Deserialization of multiple objects with POCO and cereal in C++


I'm trying to send some objects from one program to the other over the network using POCO::Net to handle the connection and cereal to handle the serialization.

All packets are inherited from single base, BasePacket.

class BasePacket {}; 
typedef std::shared_ptr<BasePacket> BasePacketPtr;

This is how I send data:

Poco::Net::StreamSocket &socket; //passed as an argument
Poco::Net::SocketOutputStream os(socket);
while (!sendQueue.empty()) {
    BasePacketPtr v;
    v = sendQueue.front();
    { //block to make sure that cereal flushes everything
     cereal::BinaryOutputArchive oa(os);
     oa << v;
    }
    sendQueue.pop();
}
os.flush();

And this is how I receive data:

Poco::Net::StreamSocket &socket; //passed as an argument
Poco::Net::SocketInputStream is(socket);
cereal::BinaryInputArchive ia(is);
BasePacketPtr v;
while(socket.available()) {
    ia >> v;
    //do sth with v...
}

The problem is that when data is send very quickly, many packets can be waiting in the socket buffer and cereal reads all the bytes, but only deserializes first packet and the rest is lost.

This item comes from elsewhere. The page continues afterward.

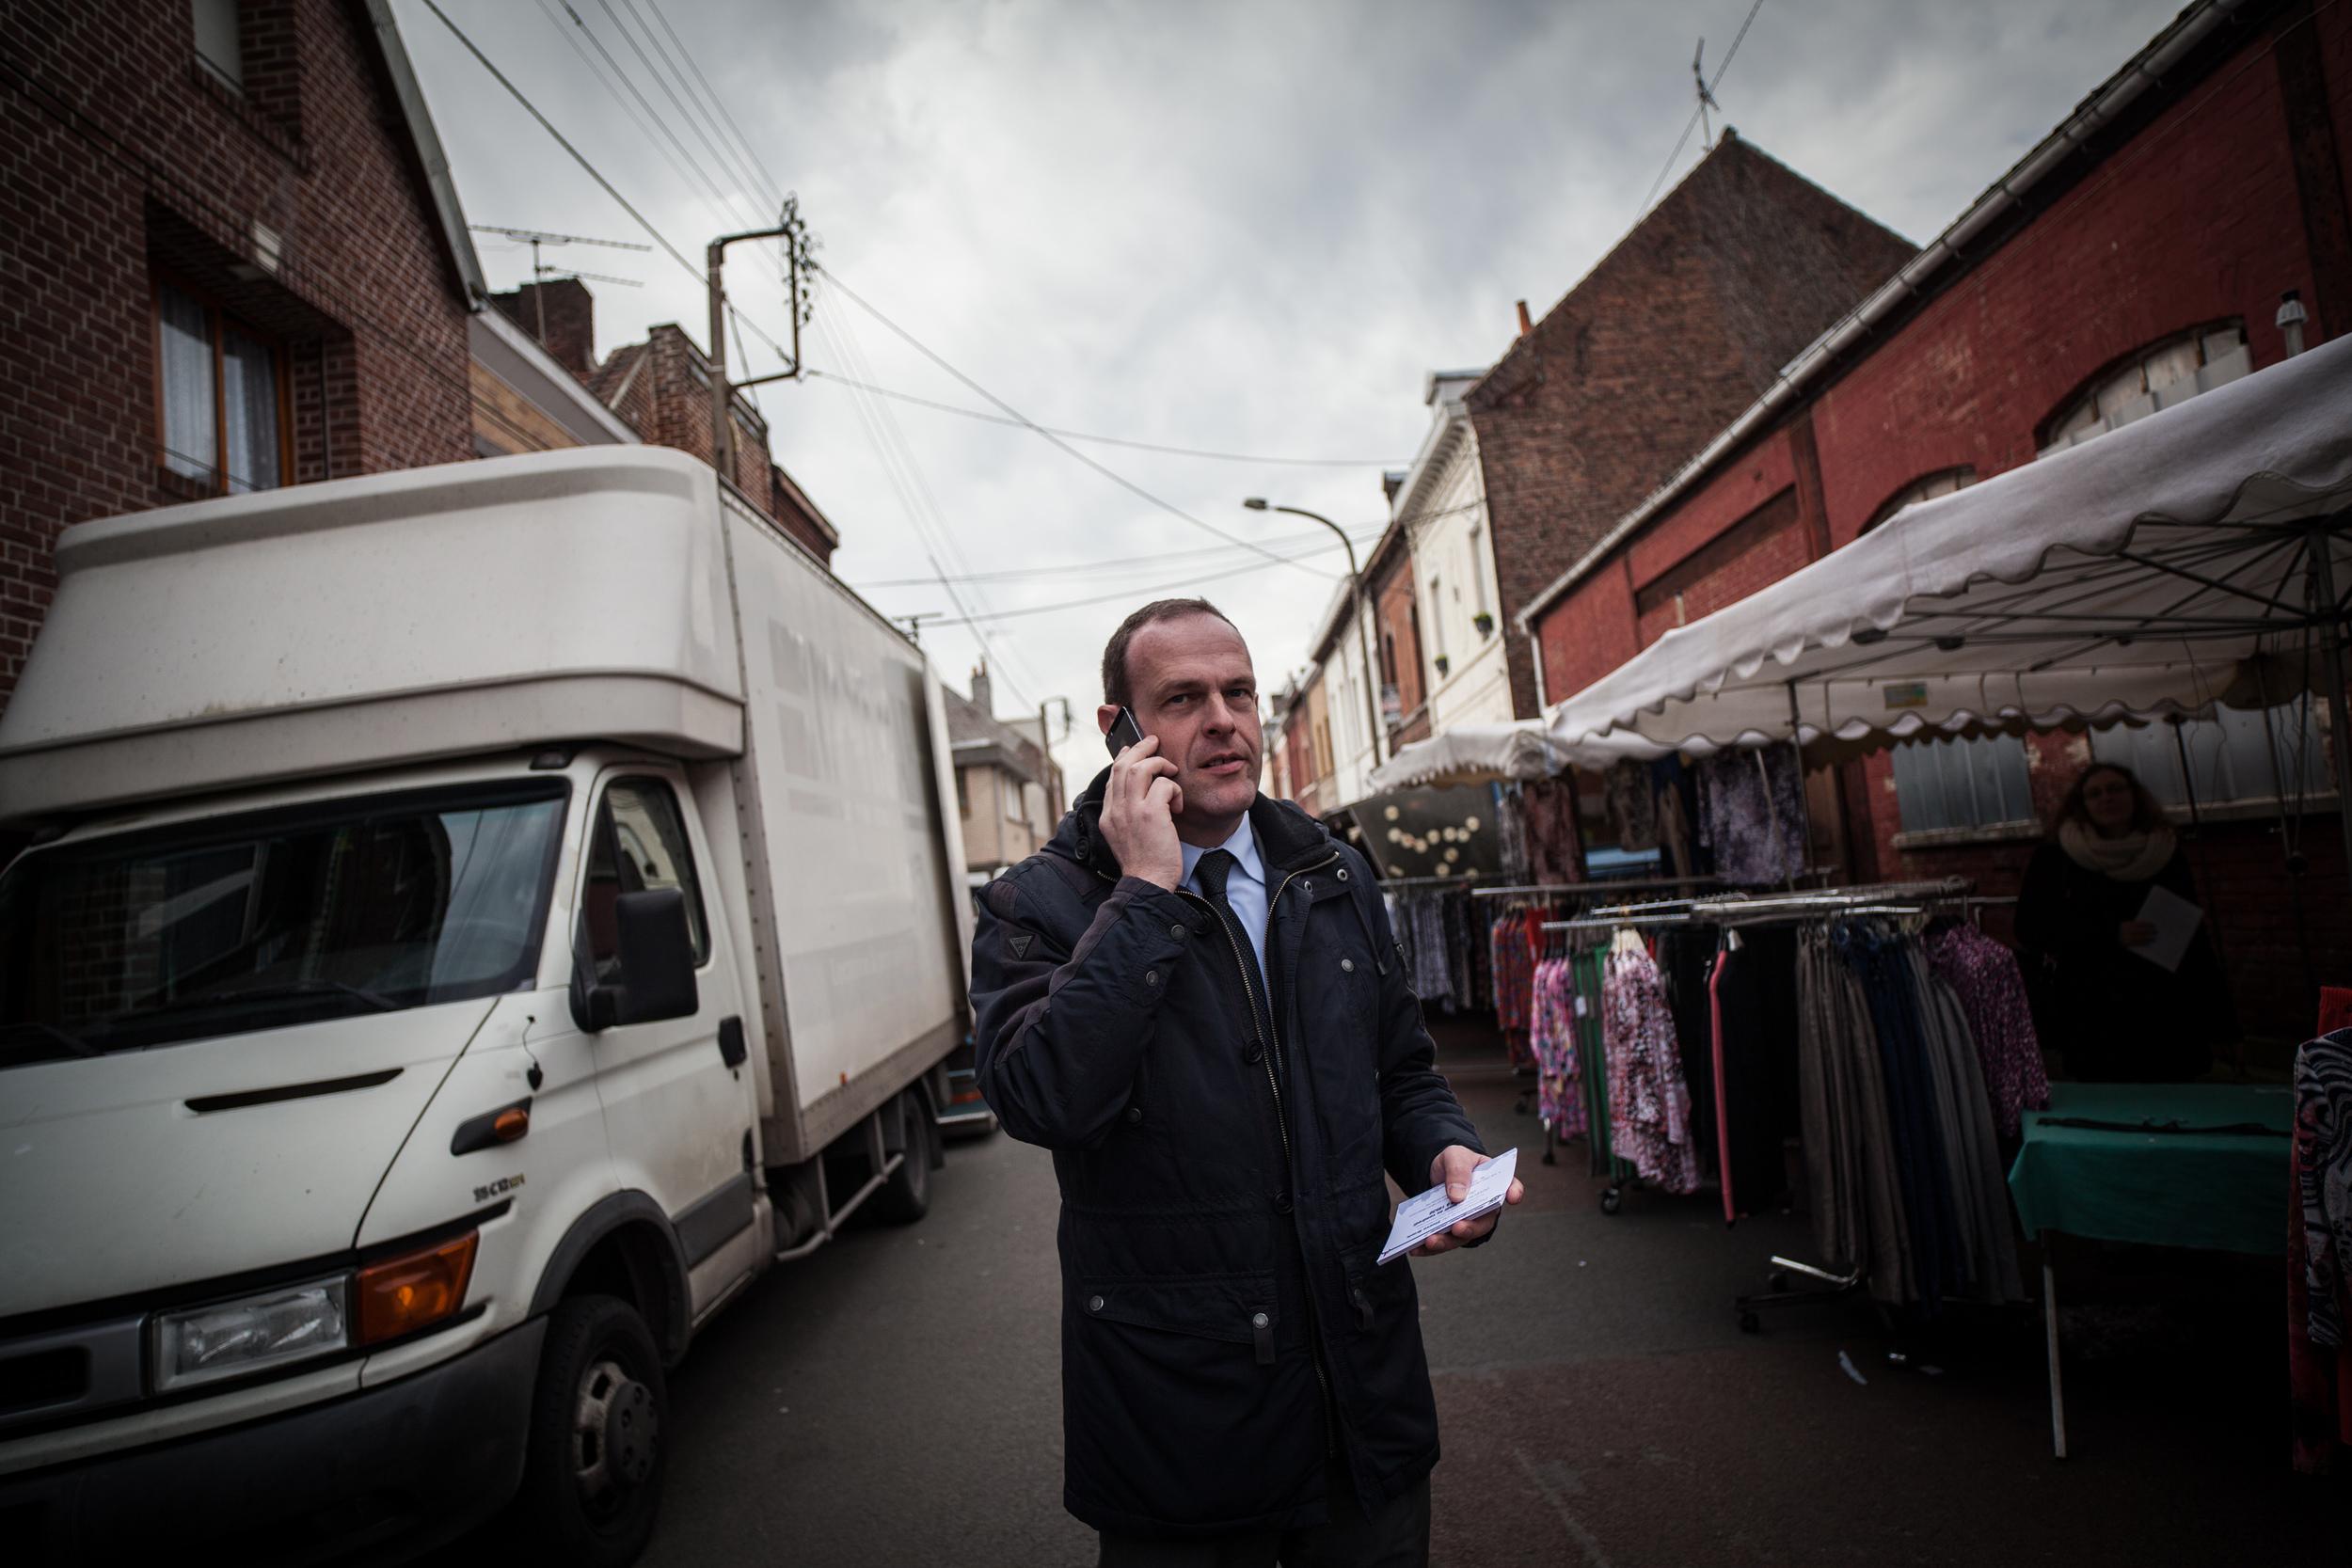 Reportage sur les élections municipales 2014 à Hénin-Beaumont. Steeve Briois est alors candidat FN. Il sera élu dès le premier tour.  Publié dans Croix du Nord.

Is there a way to make cereal read only one packet at the time or deserialize more than one packet ? Or should I make some kind of buffer that goes between Poco's socketstream and cereal's archive that send data size so it can read one packet at the time before passing it to cereal?


Solution

  • In case anyone happens to have the same problem, here is the cause of the issue:

    while(socket.available())
    

    This only iterates once, even if there are more than one packet in the buffer (cereal archive takes all the data from socket, so it doesn't have any data available and thus it returns 0).

    When new packets appear, the buffer is reset and the data is lost.

    The solution is to keep reading from cereal achieve until there is no more data. If this is running in a separate thread, even while(isRunning()) { ia >> v; /.../ } is enough.